• WORK ITEM
Please output the line containing "Đạo diễn người" and all lines that follow it in the data below, exactly, with no pictures.

• PROVIDED MATERIAL
□ □ □ □
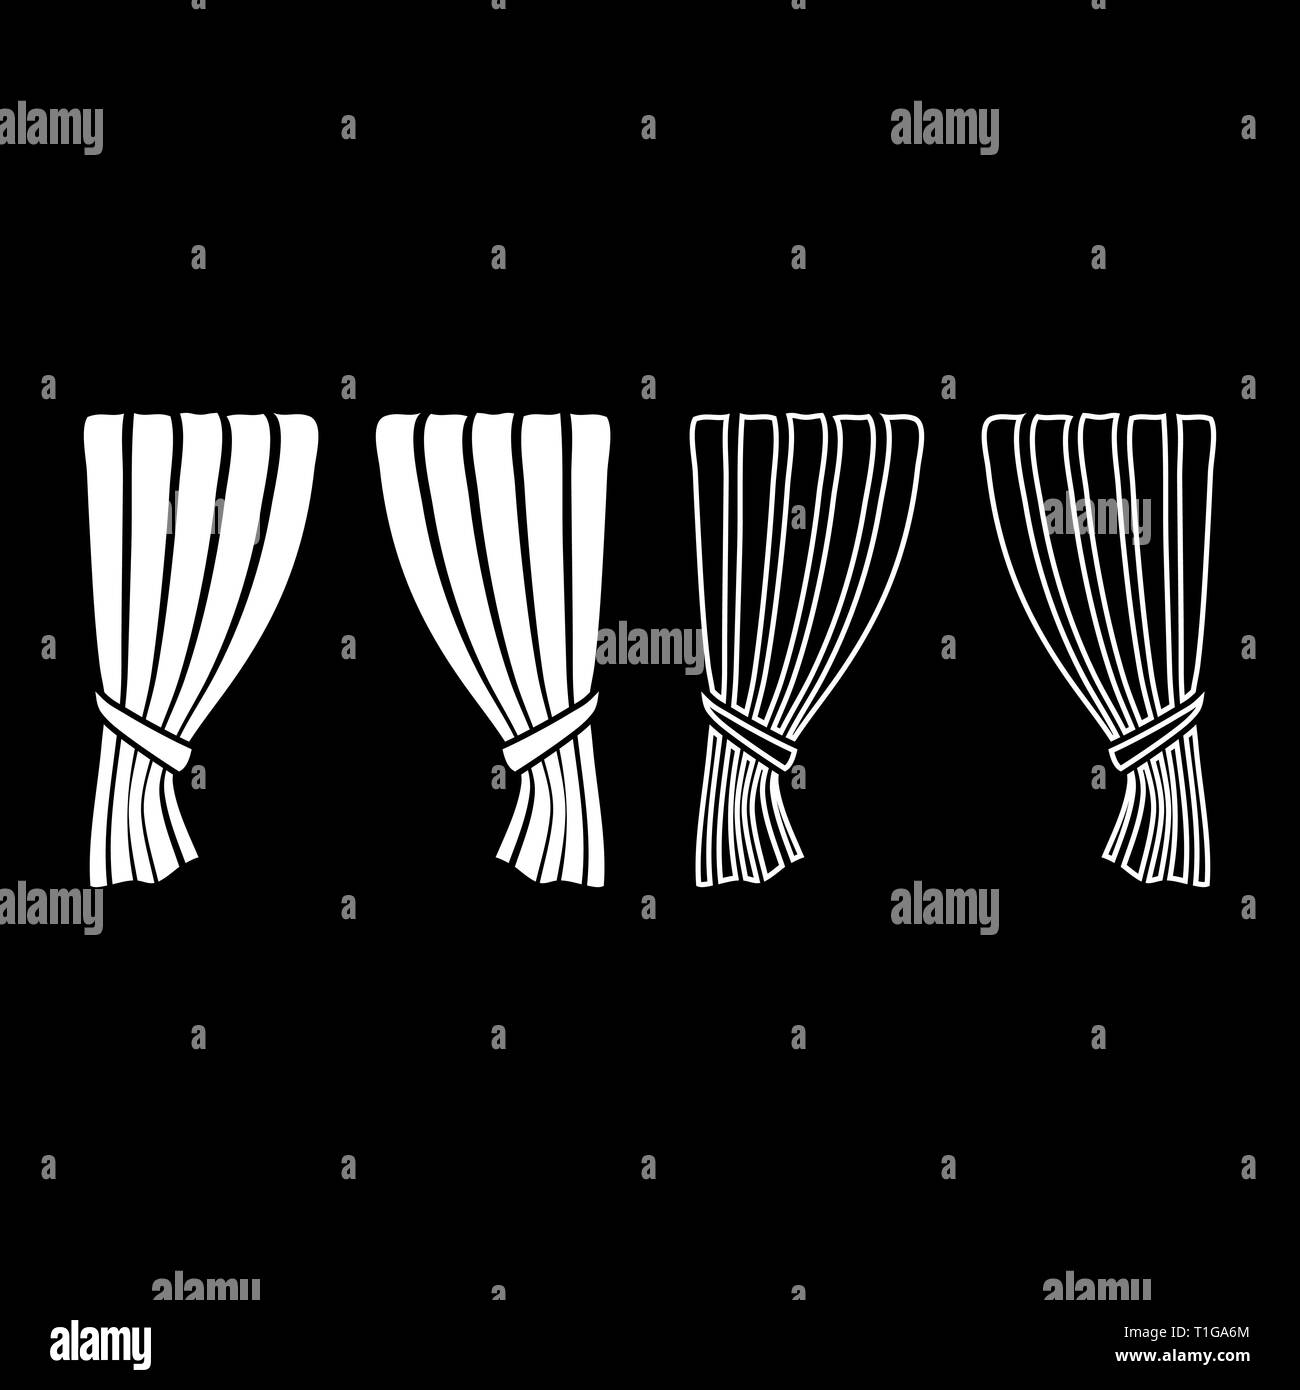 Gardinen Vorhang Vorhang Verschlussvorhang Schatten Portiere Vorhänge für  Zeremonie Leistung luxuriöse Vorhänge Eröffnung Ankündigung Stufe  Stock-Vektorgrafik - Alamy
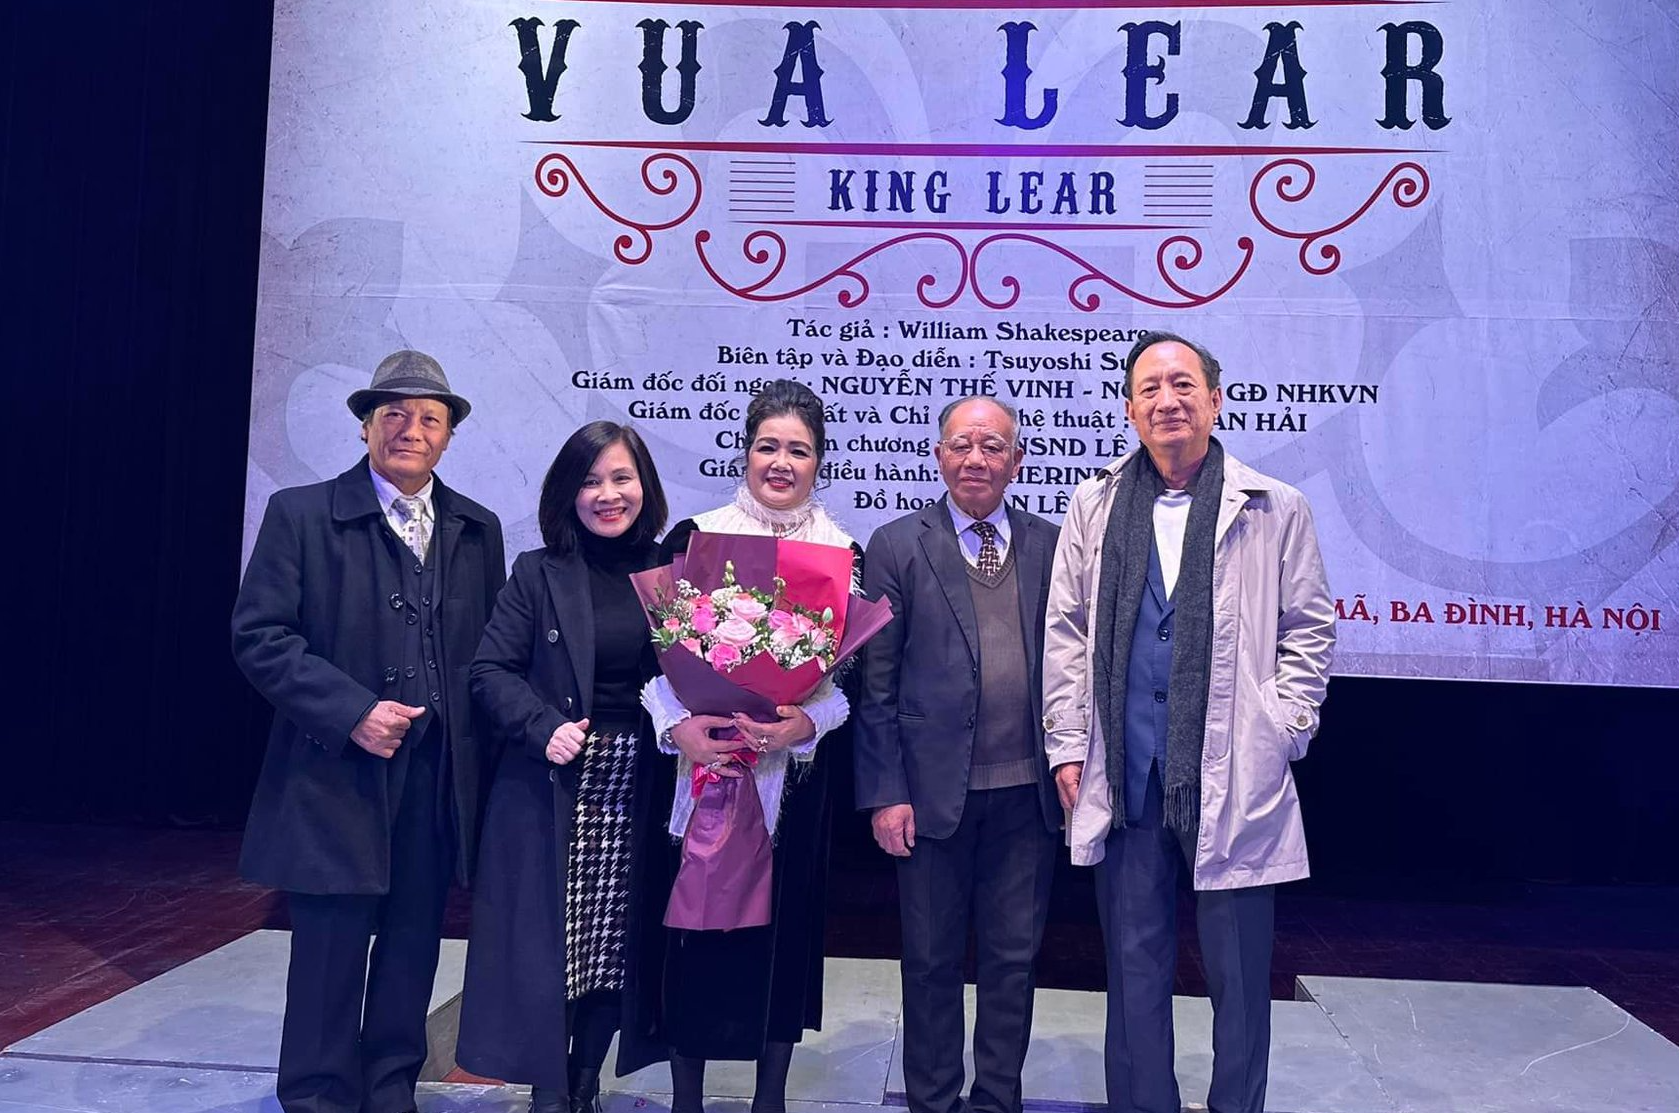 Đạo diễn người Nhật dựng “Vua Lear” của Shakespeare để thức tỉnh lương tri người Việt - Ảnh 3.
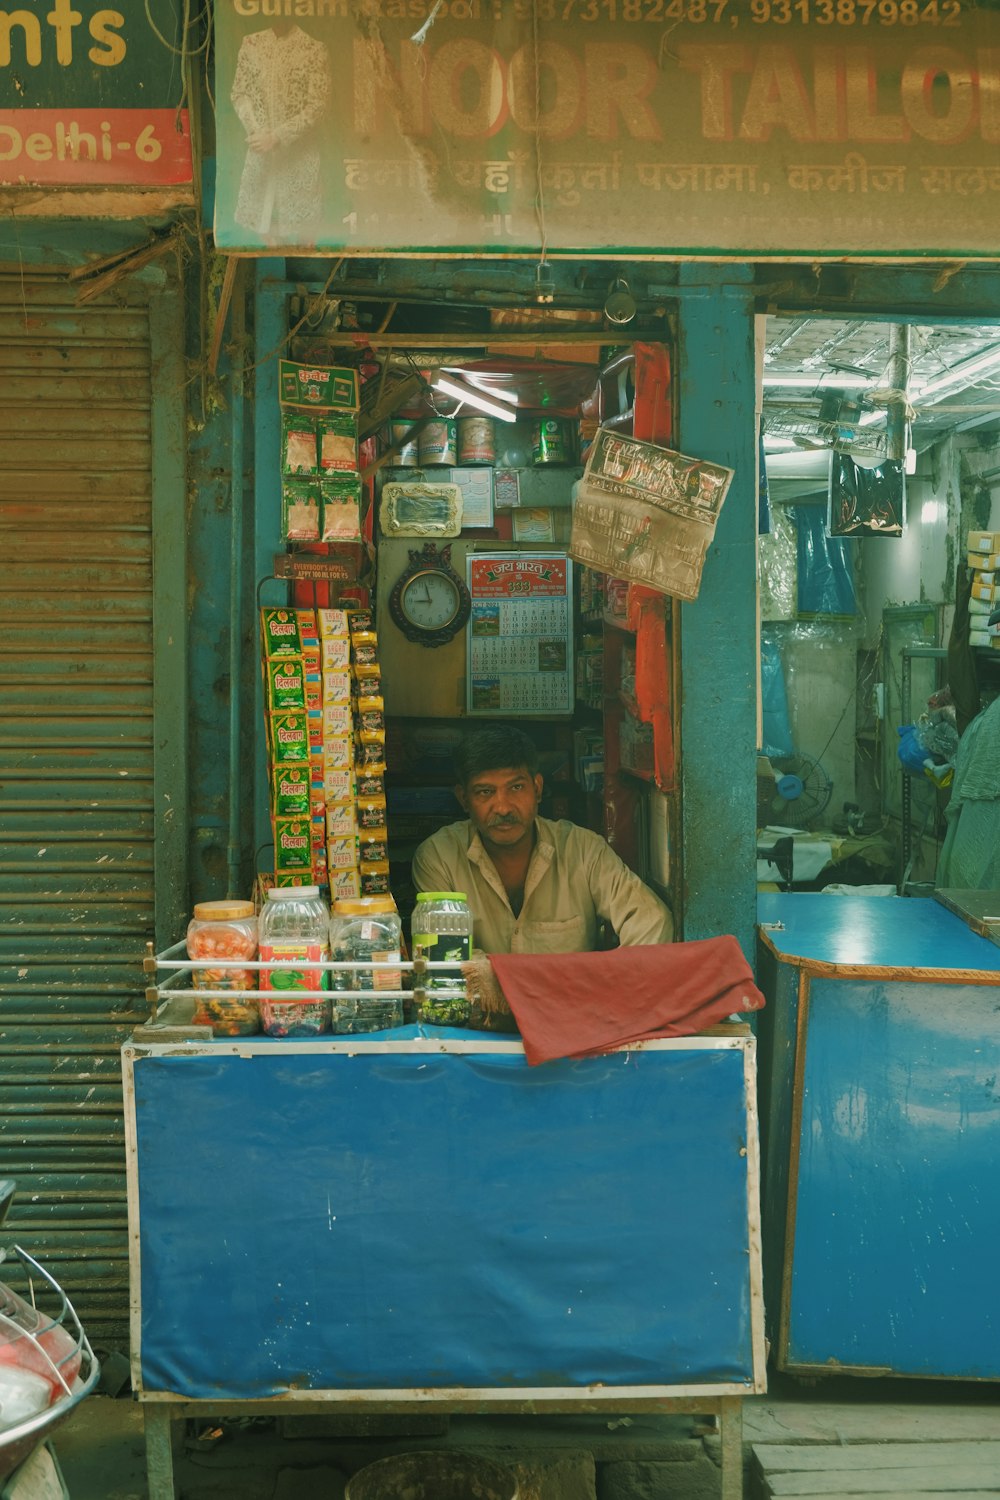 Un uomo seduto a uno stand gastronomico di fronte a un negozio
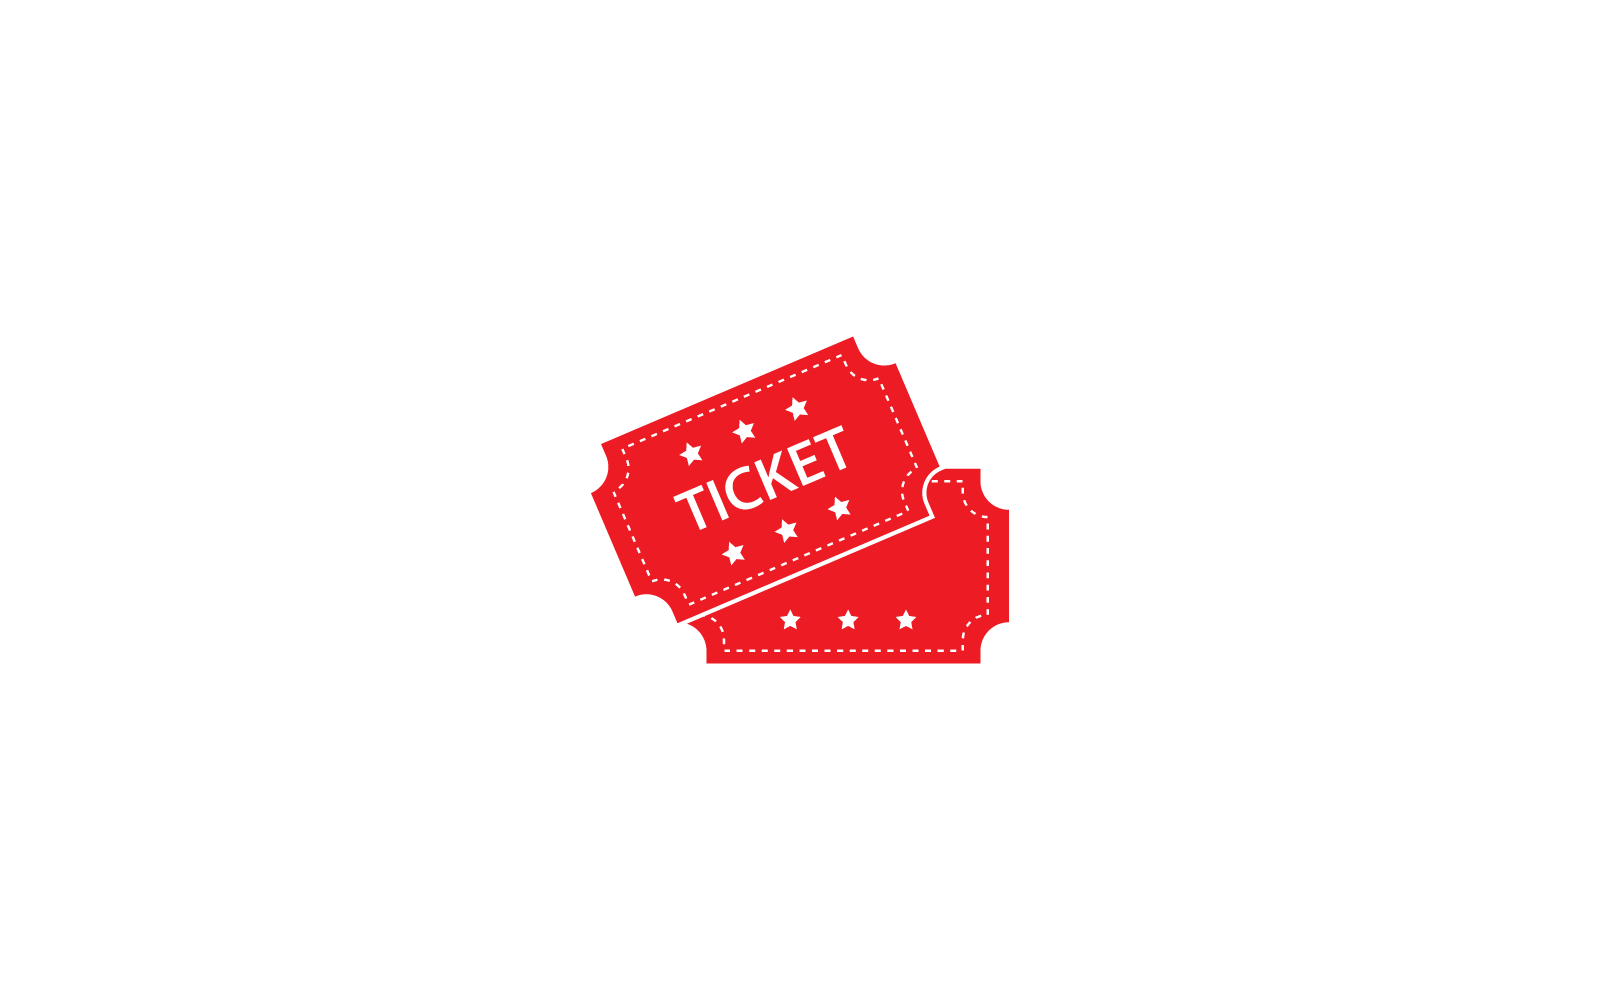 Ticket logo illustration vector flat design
□ □ □ □
• RESULT
 Đạo diễn người Nhật dựng “Vua Lear” của Shakespeare để thức tỉnh lương tri người Việt - Ảnh 3.
 Un uomo seduto a uno stand gastronomico di fronte a un negozio
 Ticket logo illustration vector flat design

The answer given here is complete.